# DirectX failure! - Civilization V



## kiwi-1990 (Oct 7, 2010)

Hi there,

I've just installed Civilization V on my PC,
the game comes with the new DirectX 11.
When it installs the DirectX 11 I get this error:
'An internal system error occurred.
please refer to DXError.log and DirectX.log in your Windows folder to
determine your problem.'

This is the DXError.log:
-----------------------------------------------------------------------
[07/25/10 01:24:25] module: dxupdate(Jun 20 2007), file: dxupdate.cpp, line: 1269, function: CabCallback
Failed API: DeleteFile()
Error: (5) - Access is denied.

Unable to delete C:\Users\Quirijn\AppData\Local\Temp\DX735B.tmp\d3dx9_24.dll.
--------------------
[07/25/10 01:24:25] module: dxupdate(Jun 20 2007), file: dxupdate.cpp, line: 5714, function: DirectXUpdateInstallPlugIn
Failed API: SetupIterateCabinet()
Error: (1224) - The requested operation cannot be performed on a file with a user-mapped section open.
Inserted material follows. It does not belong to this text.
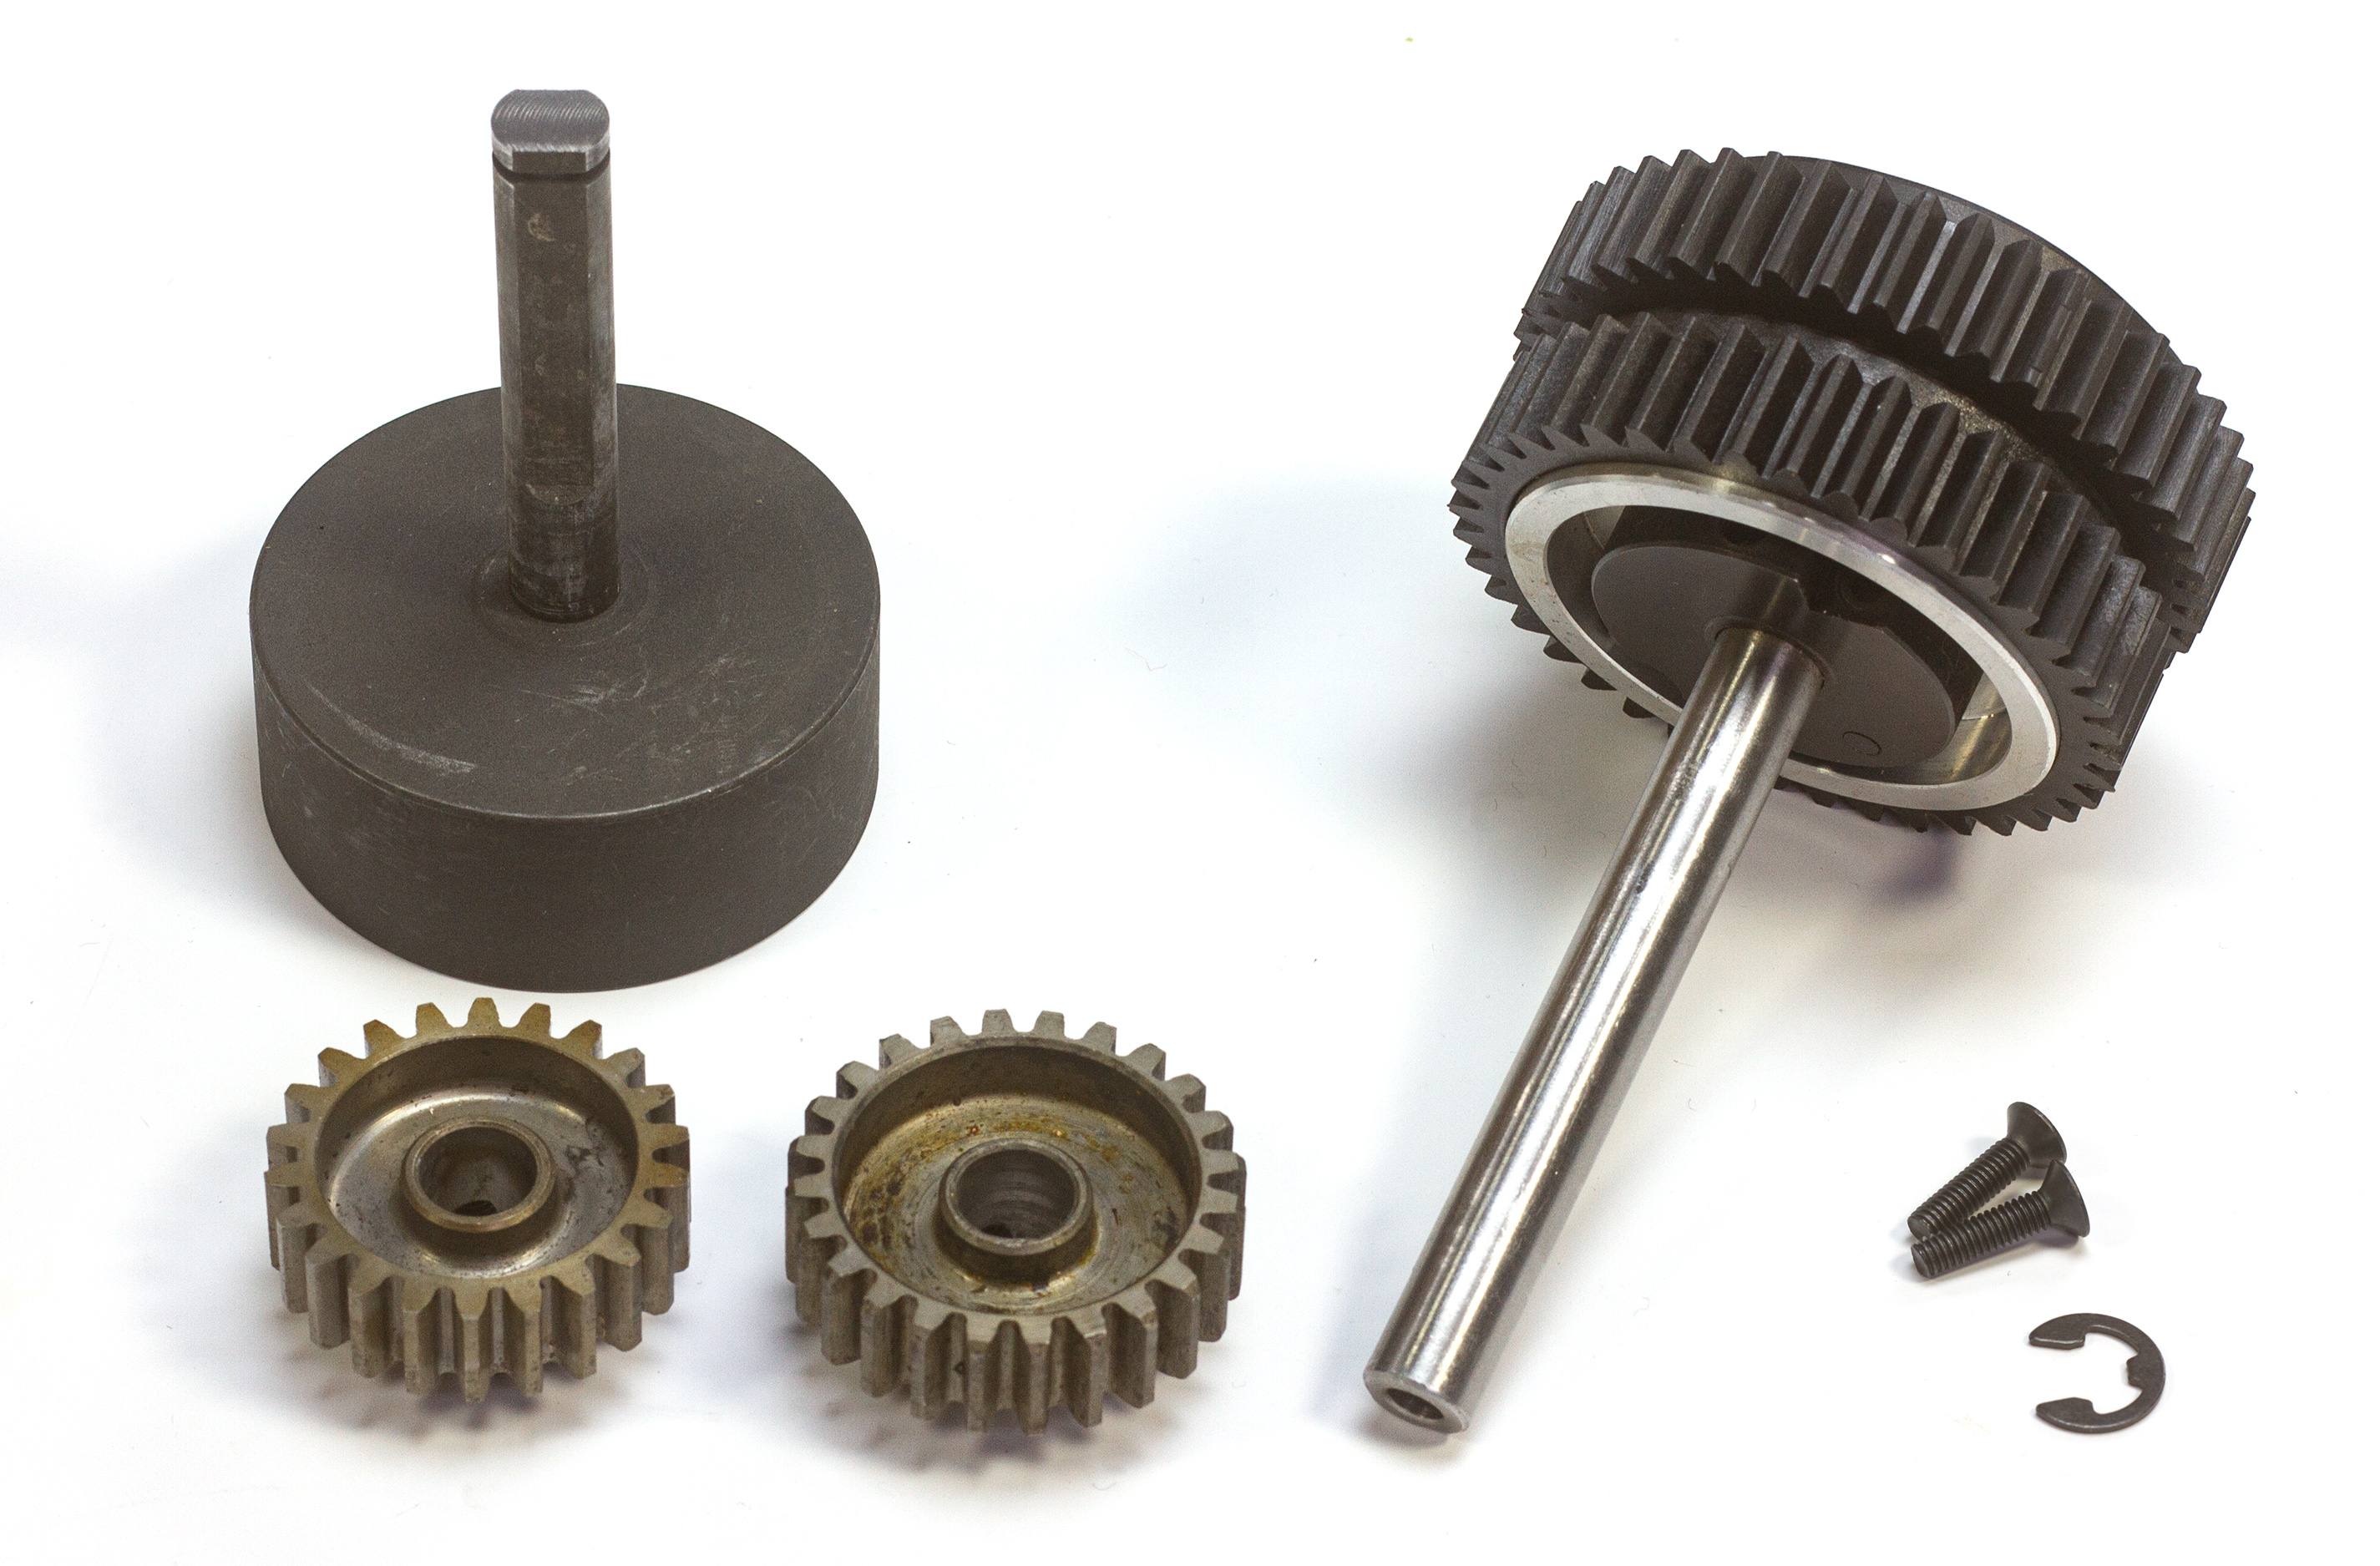 7450/09 2-speed gear box 1:5 for FG 1/5 scale touring cars and Carson C5, with Steel pinion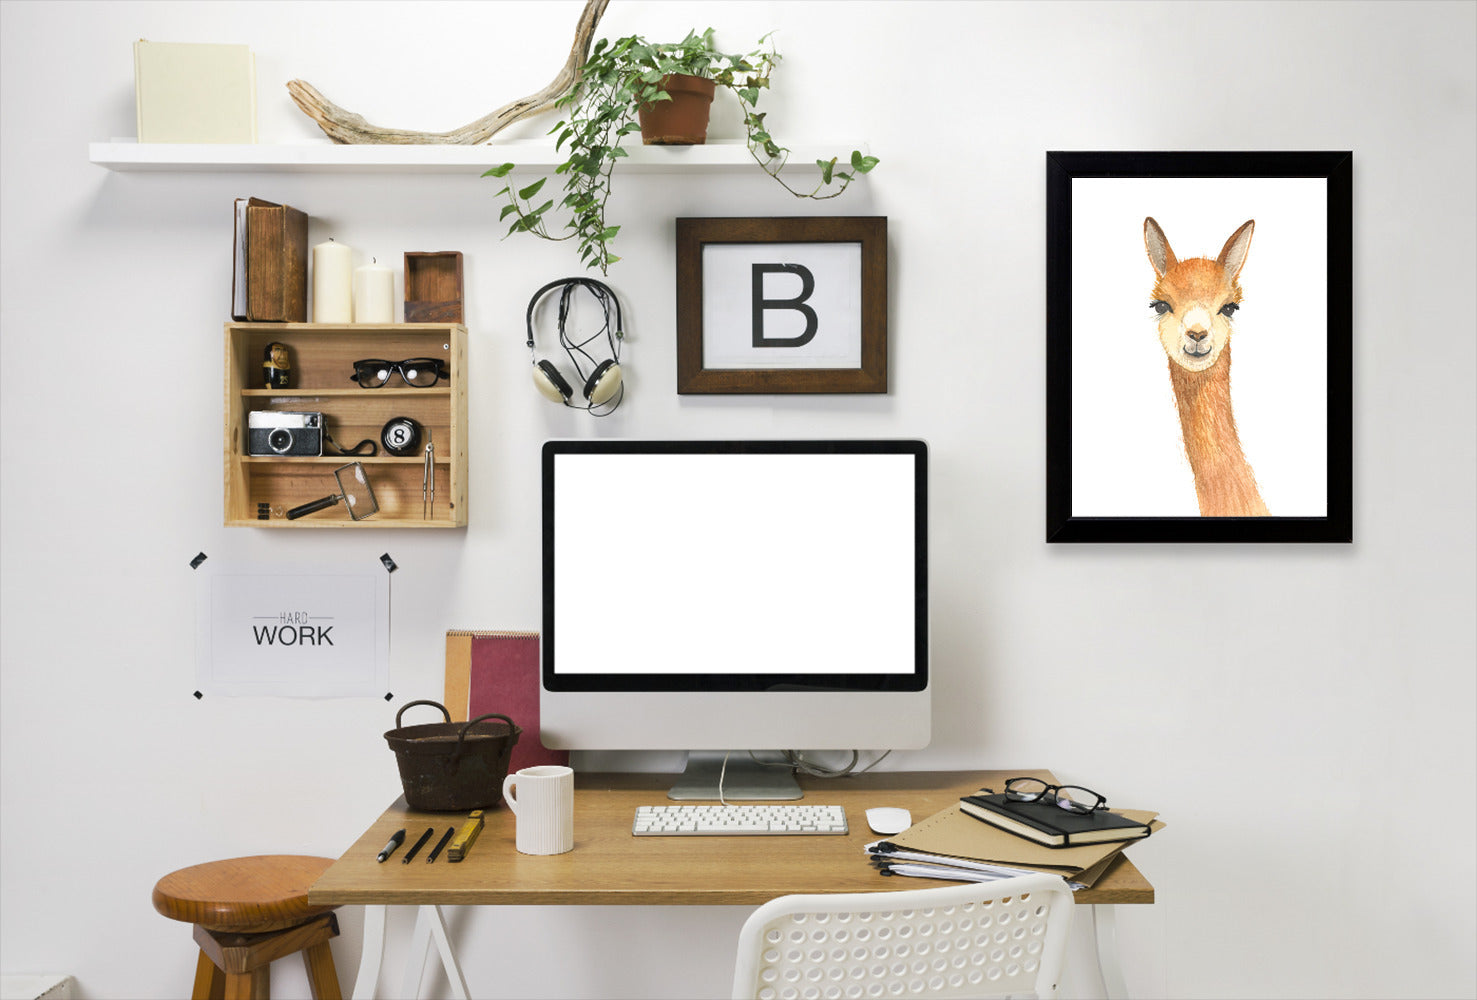 Vicuna by Cami Monet - White Framed Print - Wall Art - Americanflat

Unable to iterate through F:\COLO#GR#\DirectX9\Feb2005_d3dx9_24_x64.cab. The file may be damaged.
--------------------
[07/25/10 01:24:25] module: dsetup32(Jun 20 2007), file: dxupdate.cpp, line: 280, function: CSetup::InstallPlugIn
DirectXUpdateInstallPlugIn() failed.
--------------------
[07/25/10 01:24:25] module: dsetup32(Jun 20 2007), file: setup.cpp, line: 1701, function: CSetup::SetupForDirectX
InstallPlugIn() failed.
-----------------------------------------------------------------------

The DirectX.log is very long, I don't know which information is relevant.
(I guess the error report should be enough?)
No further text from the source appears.